Search code examples
pythonpandasdataframemulti-indexreindex

Create multiindex from existing dataframe


I've spent hours browsing everywhere now to try to create a multiindex from dataframe in pandas. This is the dataframe I have (posting excel sheet mockup. I do have this in pandas dataframe):

have

And this is what I want:

want

I have tried

newmulti = currentDataFrame.set_index(['user_id','account_num'])

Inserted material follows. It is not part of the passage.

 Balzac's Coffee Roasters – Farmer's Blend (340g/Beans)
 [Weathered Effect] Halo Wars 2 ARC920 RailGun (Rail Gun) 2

But it returns a dataframe, not a multiindex. Also, I could not figure out how to make 'user_id' level 0 and 'account_num' level 1. I think this must be trivial but I've read so many posts, tutorials, etc. and still could not figure it out. Partly because I'm a very visual person and most posts are not. Please help!


Solution

  • You could simply use groupby in this case, which will create the multi-index automatically when it sums the sales along the requested columns.

    df.groupby(['user_id', 'account_num', 'dates']).sales.sum().to_frame()
    

    You should also be able to simply do this:

    df.set_index(['user_id', 'account_num', 'dates'])
    

    Although you probably want to avoid any duplicates (e.g. two or more rows with identical user_id, account_num and date values but different sales figures) by summing them, which is why I recommended using groupby.

    If you need the multi-index, you can simply access viat new_df.index where new_df is the new dataframe created from either of the two operations above.

    And user_id will be level 0 and account_num will be level 1.